[WHAT IS BEING ASKED] Keep the text of the data exactly as it is and omit each picture from the copy.

[DATA SHOWN]
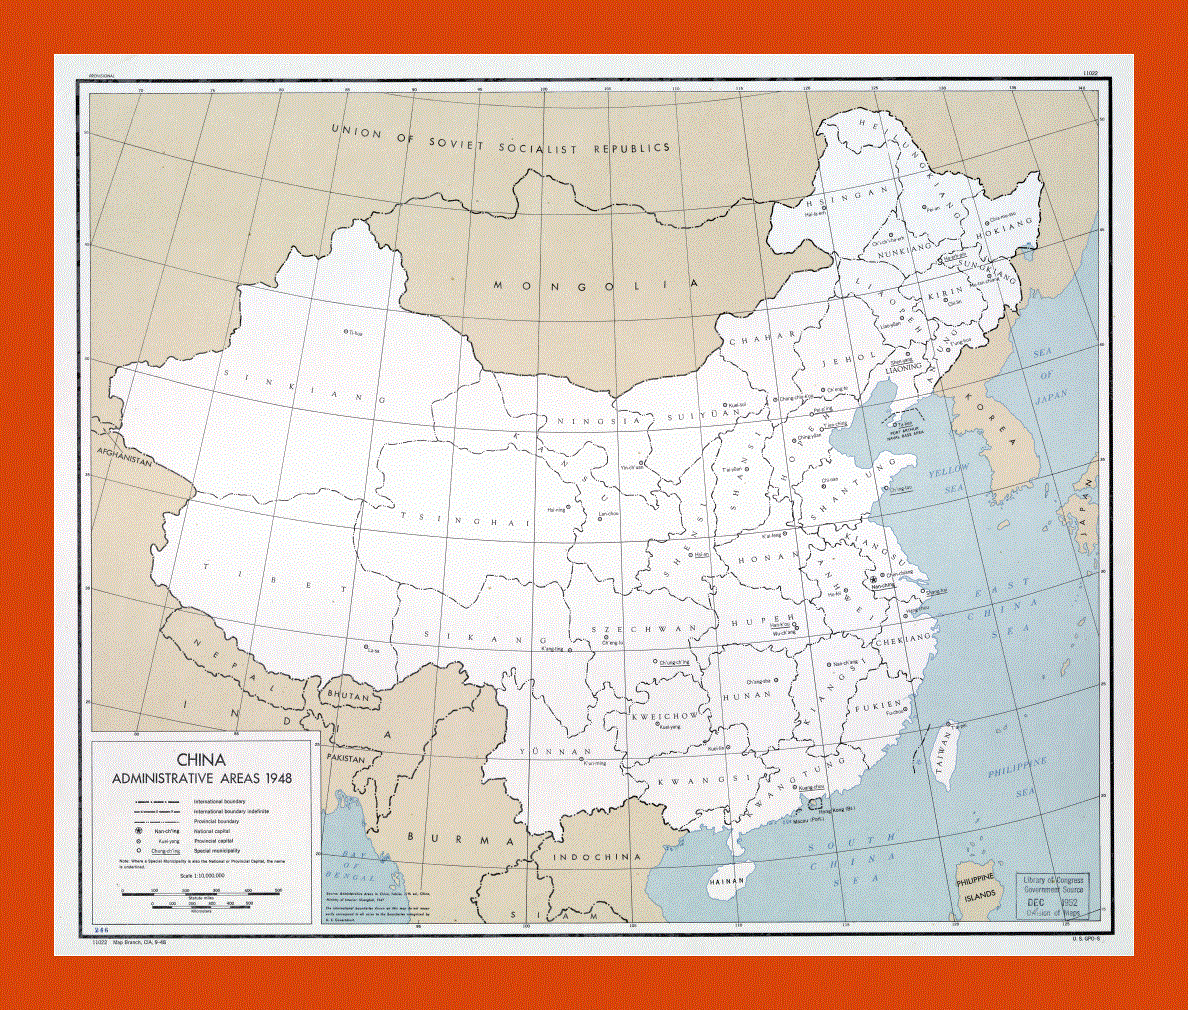 China administrative areas map - 1948
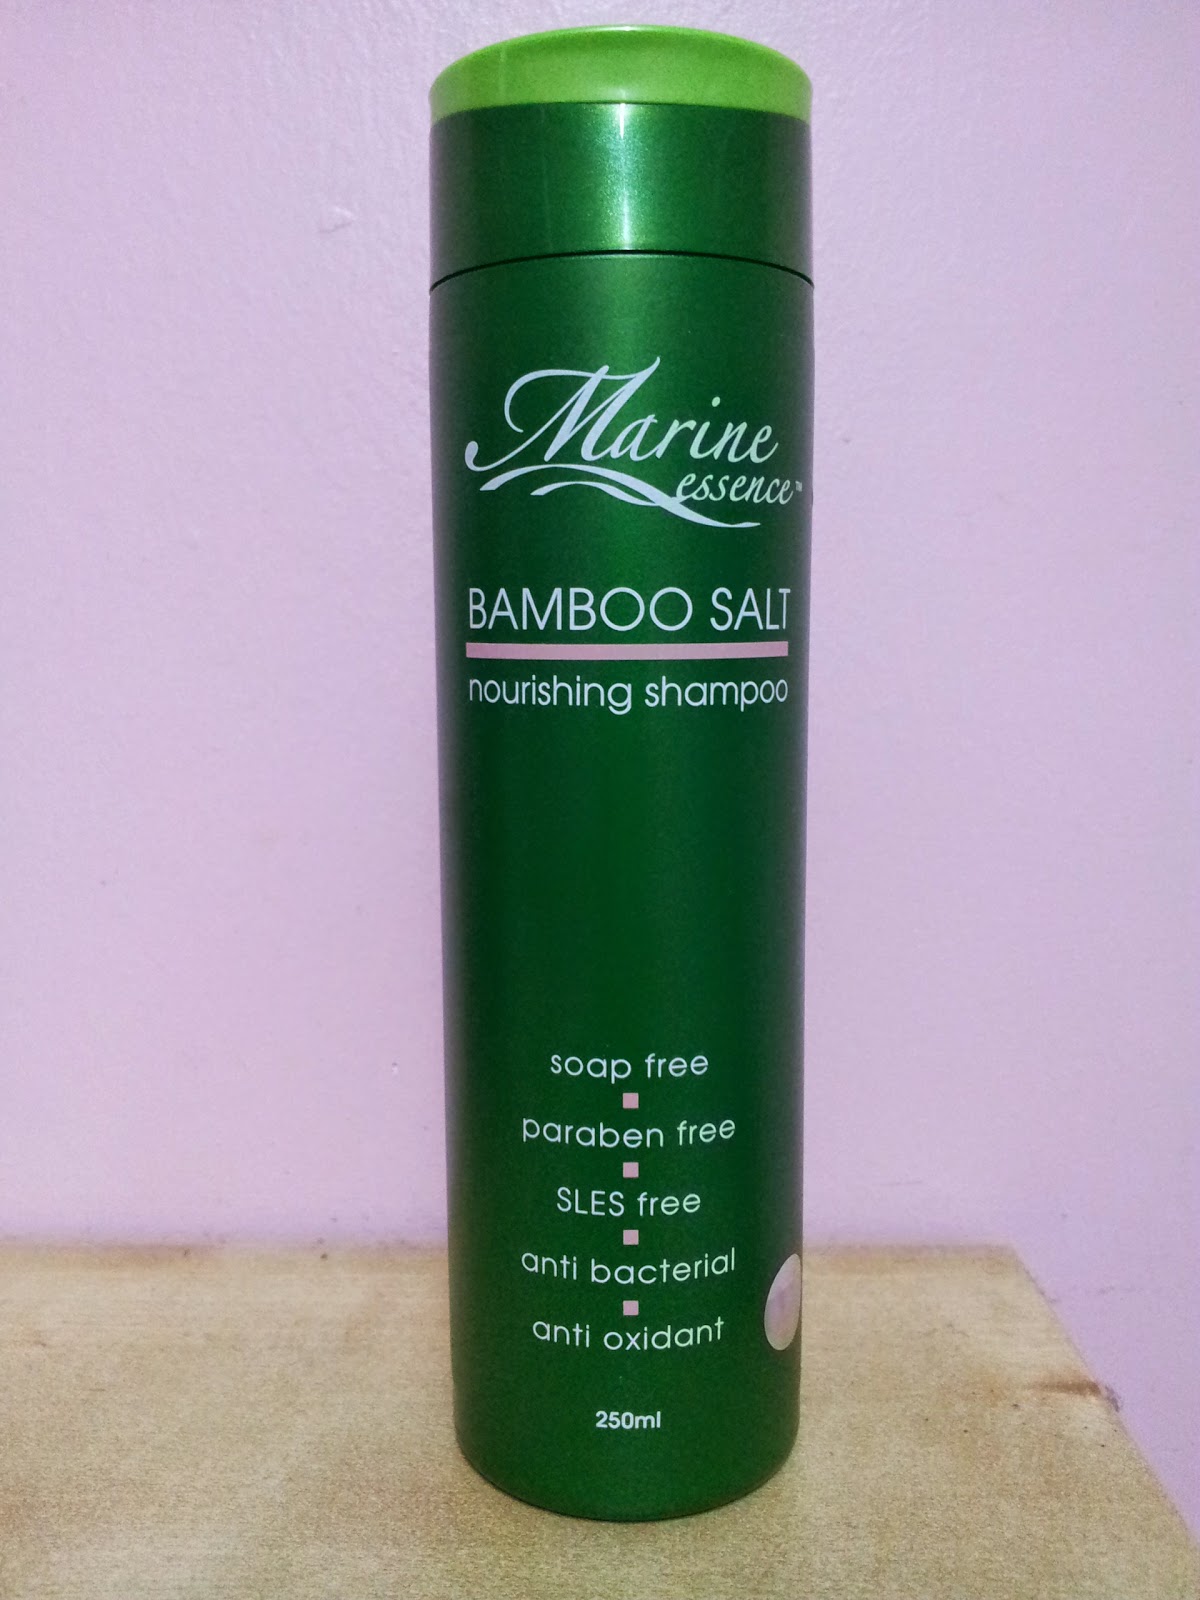 Marine Essence Bamboo Salt Hair Shampoo  reviews
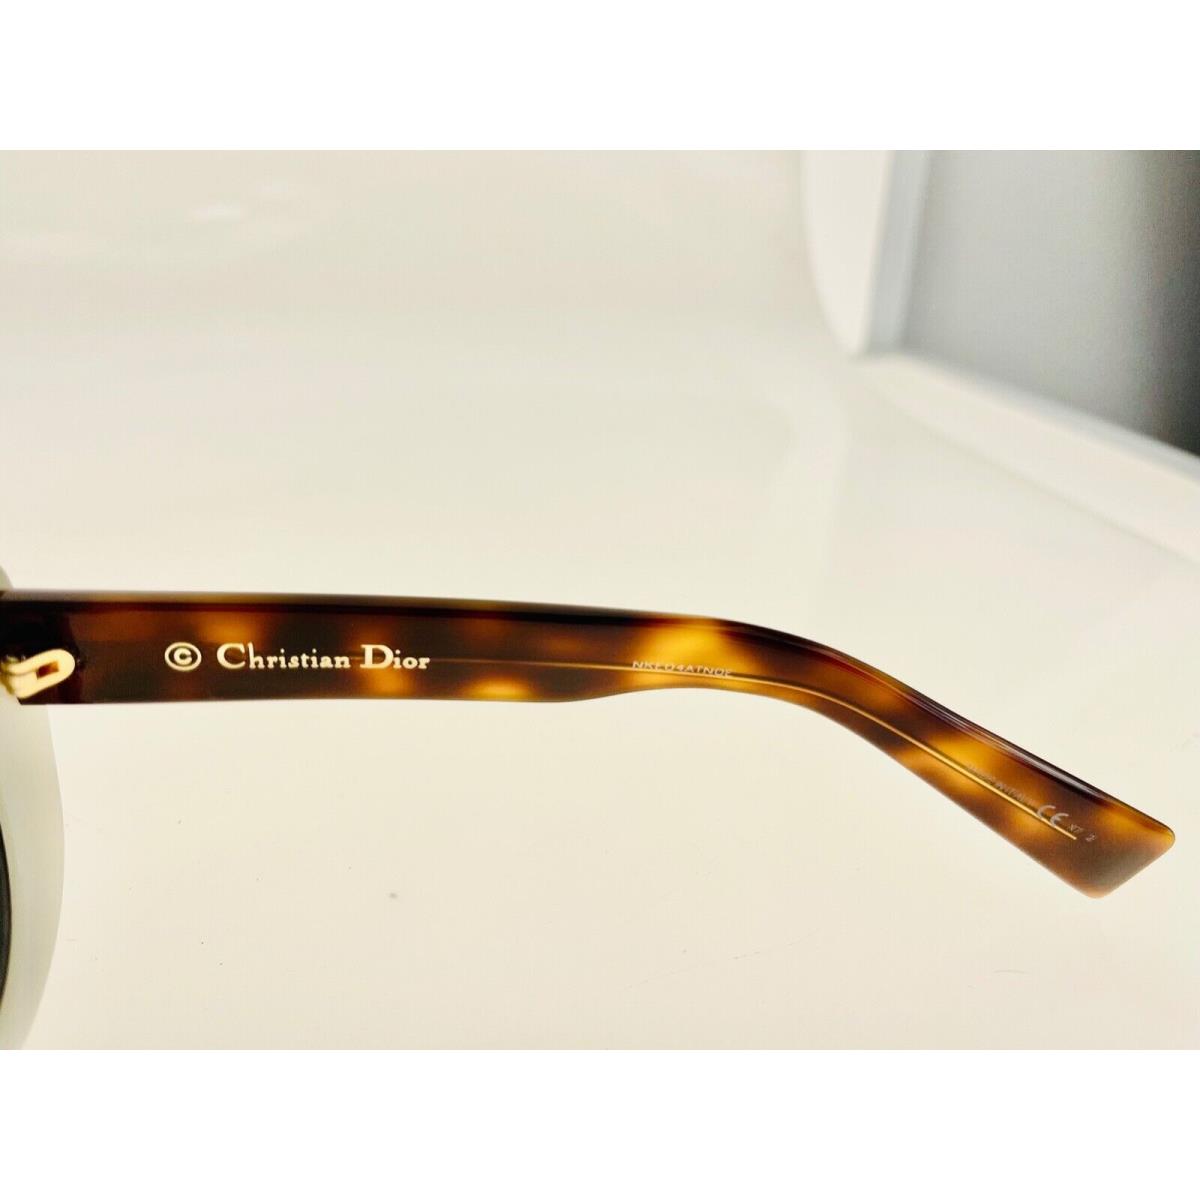 Dior sunglasses  - Frame: Brown, Lens: Gray

[YOUR RESPONSE]
 China administrative areas map - 1948
 Marine Essence Bamboo Salt Hair Shampoo  reviews
 Dior sunglasses  - Frame: Brown, Lens: Gray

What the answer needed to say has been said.